Lay people would find it much easier to understand economists if they explained mechanisms. I also think that economists would find it much easier to understand lay people (particularly politicians) if they discussed lay people’s perceptions of the mechanisms driving the economy (even if it was mostly to correct the lay people’s faulty understanding).
In Dillow/Krugman terms, you started this thread to try to translate from a model to a mechanism based on that model. I am just looking for descriptions of mechanisms I can believe. However if you have inconsistencies, such as defining red and green money as equal and opposite but then later adding them together as though they had the same sign, then I won’t believe you.

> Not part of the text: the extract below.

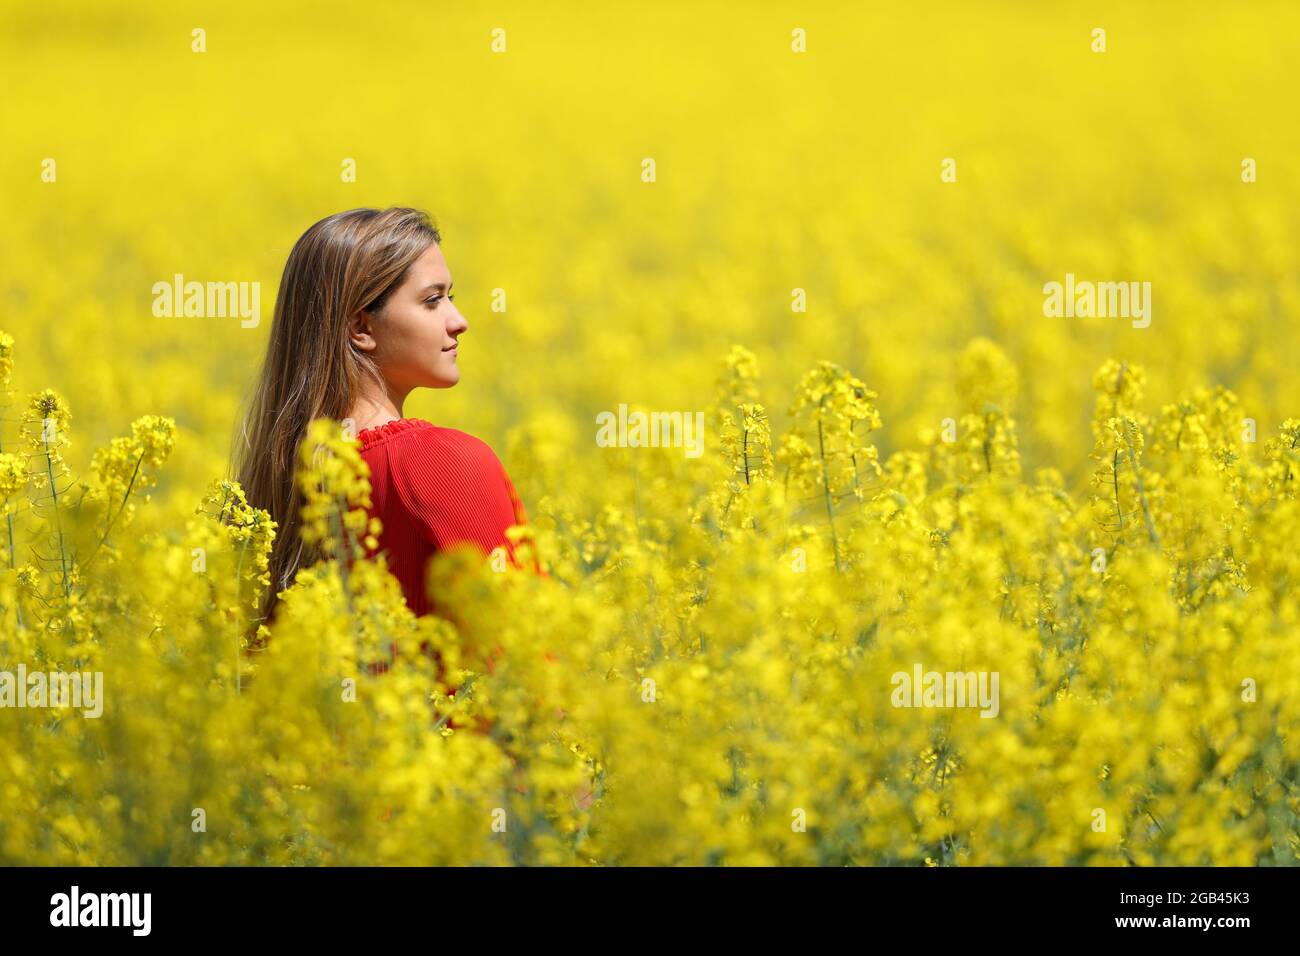 Frau in Rot, die in einem gelben Feld in der Frühjahrssaison nachdenkt Stockfoto
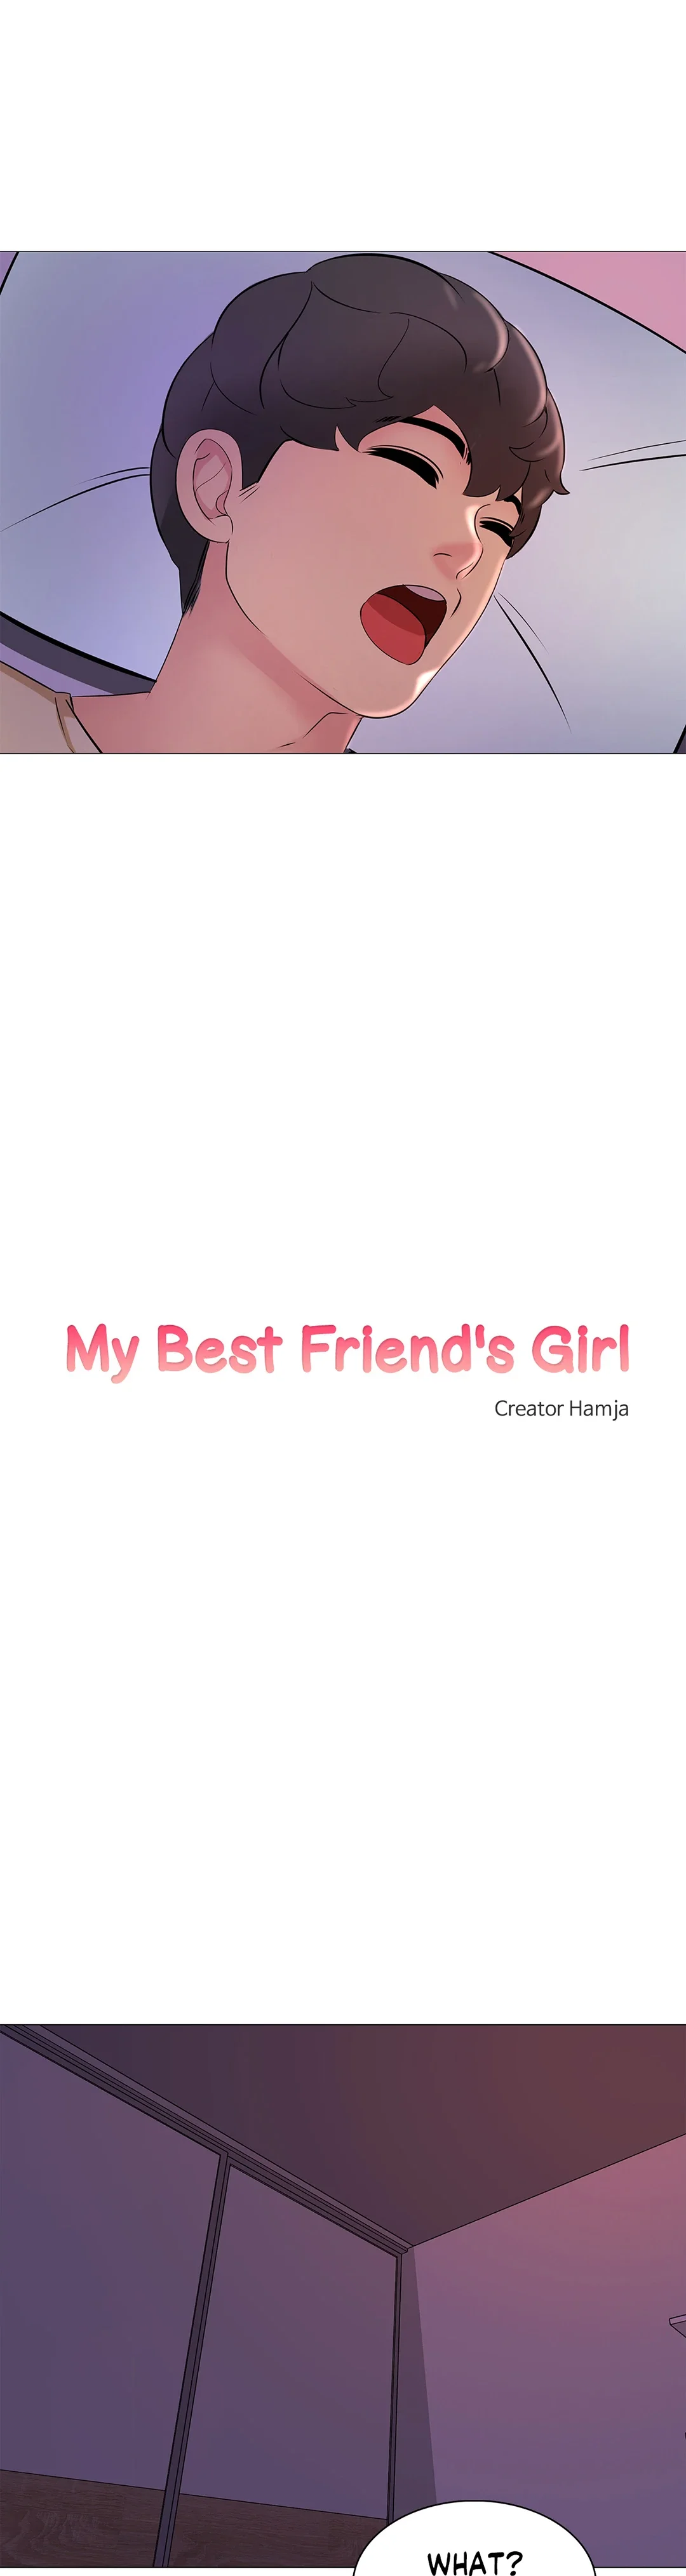 my-best-friend8217s-girl-chap-16-4

Posted by: Jamie | February 20, 2014 at 09:44 AM
JKH said: “Forget commercial banks”
Nick/JKH,
I have read posts by JKH elsewhere. I think he is very smart. In the terms we have been discussing he understands mechanisms, so I’m surprised by his comment on commercial banks. I have a challenge for both/either of you.
My understanding of QE is that it involves something like the following mechanism:
Central bank triggers the mechanism and creates green money
Central bank swaps green money for commercial bank assets
Something else happens which I don’t understand in order to get the green money from commercial banks to the wider economy.
I don’t see how you can describe this mechanism without mentioning commercial banks. If you can describe this mechanism without mentioning commercial banks then I will bow to JKH’s expertise. The only sort of mechanism I can think of that would omit commercial banks would be if the central bank hired a helicopter and dropped the new green money directly into the economy. I don’t see that happening anywhere near me.
Posted by: Jamie | February 20, 2014 at 09:46 AM
Jamie: I'm fine on mechanisms and models. I talk about "stability" and "transmission mechanisms".
When we say "forget about commercial banks" we might mean: consolidate commercial and central banks together (the central bank takes over the commercial banks). We can imagine a world in which everyone has an account at the central bank. In part, that is the real world. I hold central bank money in my pocket. It's paper money, not electronic money, but it's the same thing. I have an account at the Bank of Canada, it's just they won't let me run an overdraft.
Open Market Operation (the proper name for QE) with no commercial banks: the Bank of Canada buys a bond from me, and gives me currency in exchange. That's the mechanism. Introducing commercial banks just complicates the story.
http://worthwhile.typepad.com/worthwhile_canadian_initi/2013/10/immaculate-transfers-and-the-monetary-transmission-mechanism.html
Posted by: Nick Rowe | February 20, 2014 at 09:59 AM
Jamie,
I'm deferring to Nick's choice of a simplified model there to make the discussion consistent.
The QE analogy in that model by construction has to be a transaction between the CB and a non-bank agent.
So the CB buys something (maybe bonds) from somebody (maybe you or me) in exchange for new green money.
And its a non-conventional policy in the context of a "normal" red/green balance as described by Nick.